## Work request
The lines below, from the one holding "Leoparden jagen in" through the one holding "RoboCluster s aktiviteter", are to be restated word for word, with all images left out.

## Dataset extract
+ + + + + + +
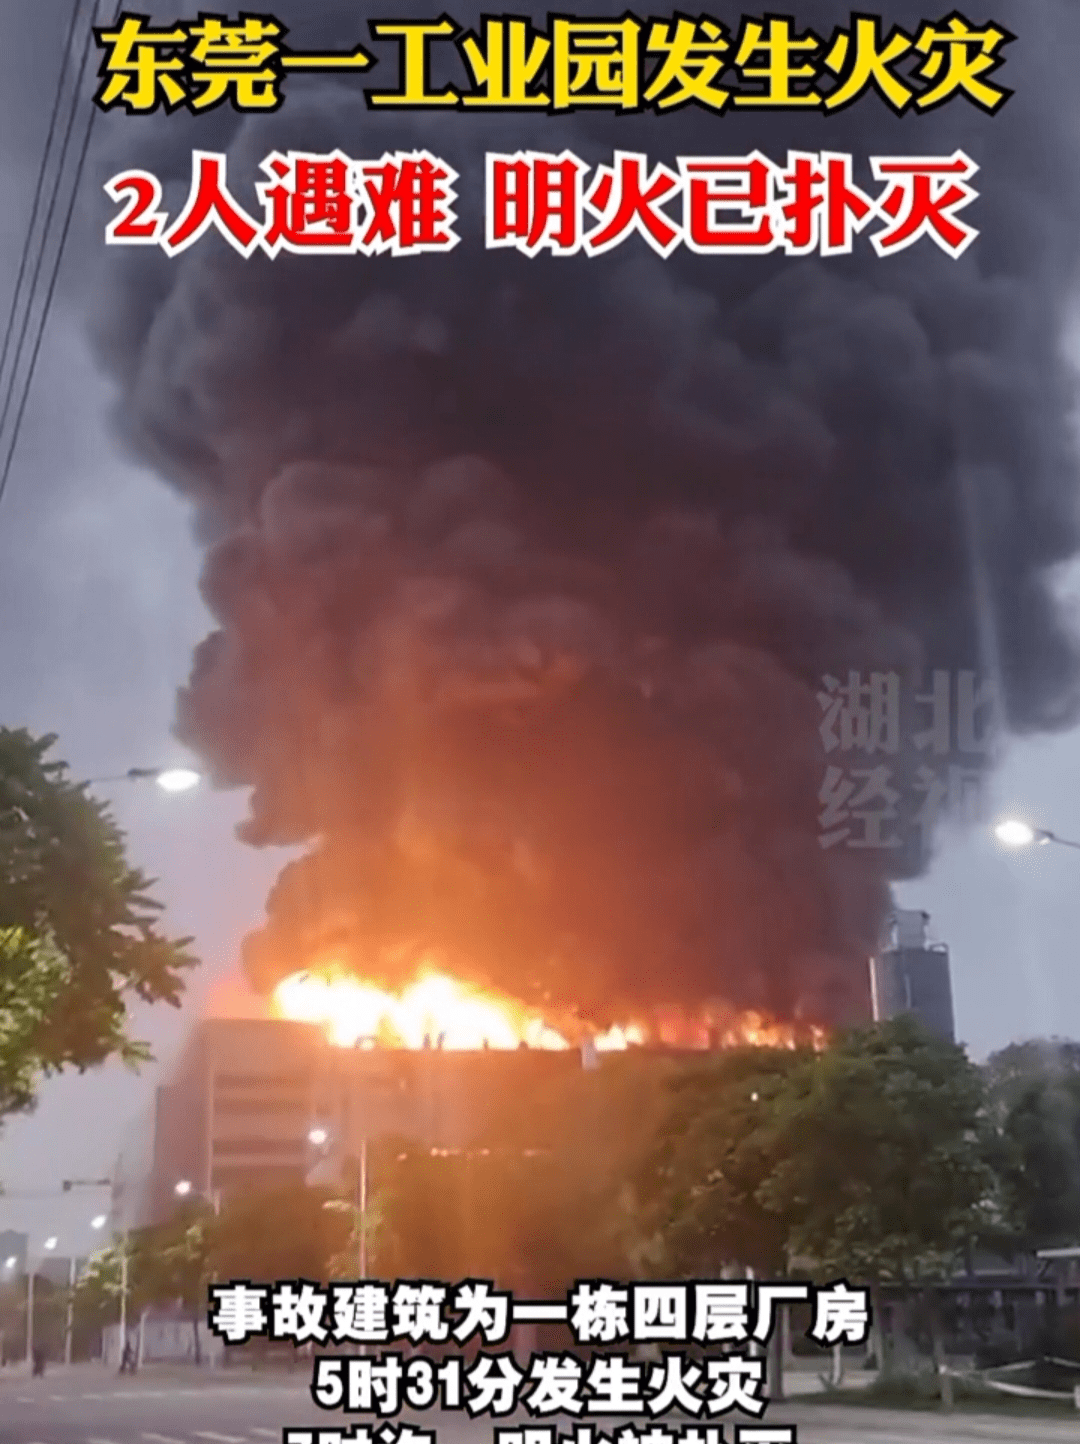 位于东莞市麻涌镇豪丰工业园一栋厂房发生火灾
+ + + + + + +
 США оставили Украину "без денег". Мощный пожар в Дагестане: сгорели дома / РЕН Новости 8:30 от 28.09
+ + + + + + +
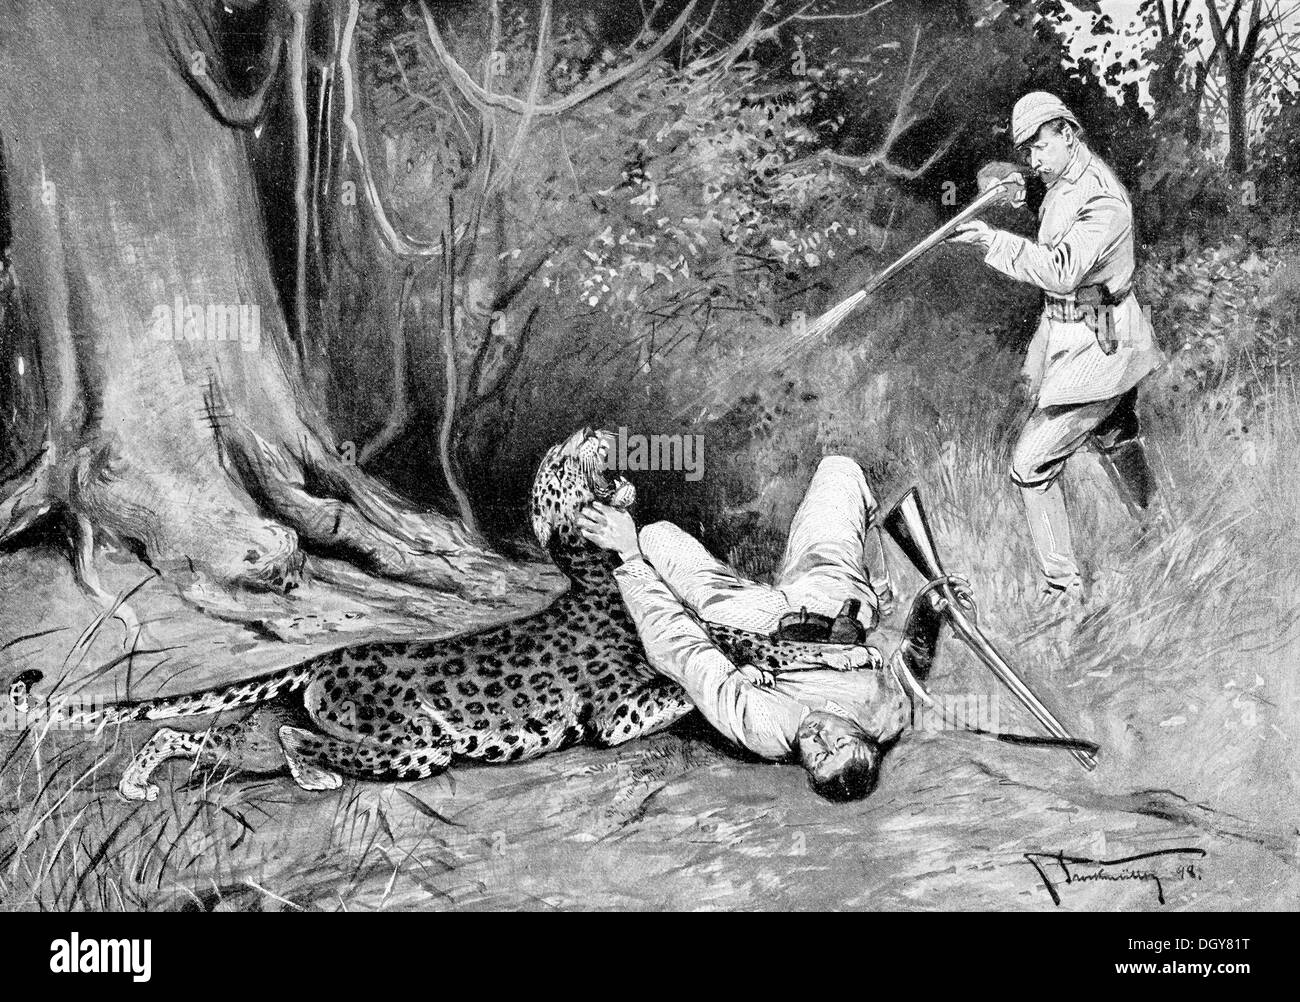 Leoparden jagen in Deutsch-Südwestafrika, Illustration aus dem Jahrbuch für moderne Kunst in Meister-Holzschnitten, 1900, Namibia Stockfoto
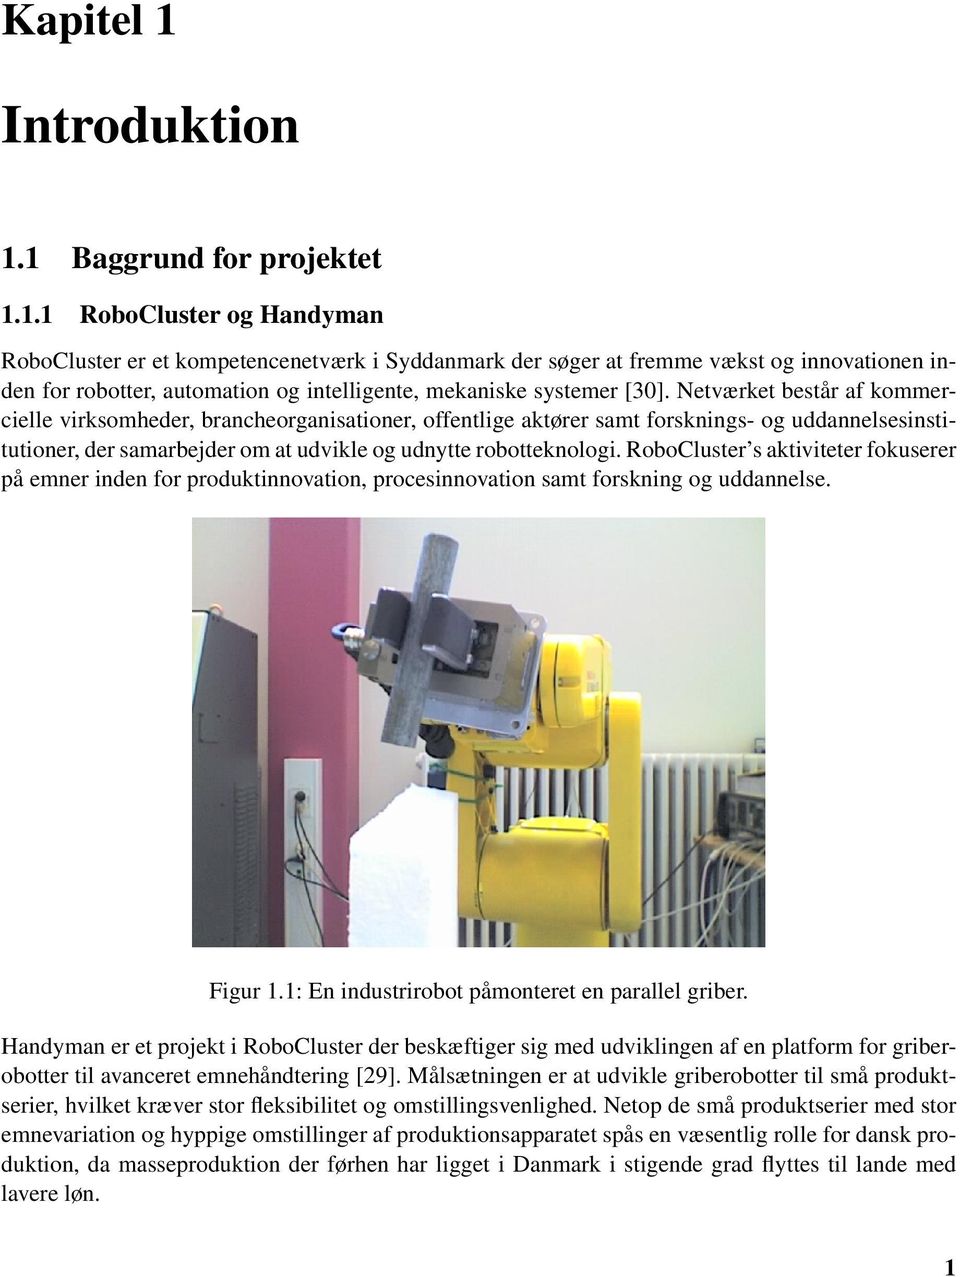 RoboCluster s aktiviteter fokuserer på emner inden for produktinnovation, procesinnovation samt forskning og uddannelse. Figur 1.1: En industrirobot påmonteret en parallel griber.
+ + + + + + +
## Output of the task
 Leoparden jagen in Deutsch-Südwestafrika, Illustration aus dem Jahrbuch für moderne Kunst in Meister-Holzschnitten, 1900, Namibia Stockfoto
 RoboCluster s aktiviteter fokuserer på emner inden for produktinnovation, procesinnovation samt forskning og uddannelse. Figur 1.1: En industrirobot påmonteret en parallel griber.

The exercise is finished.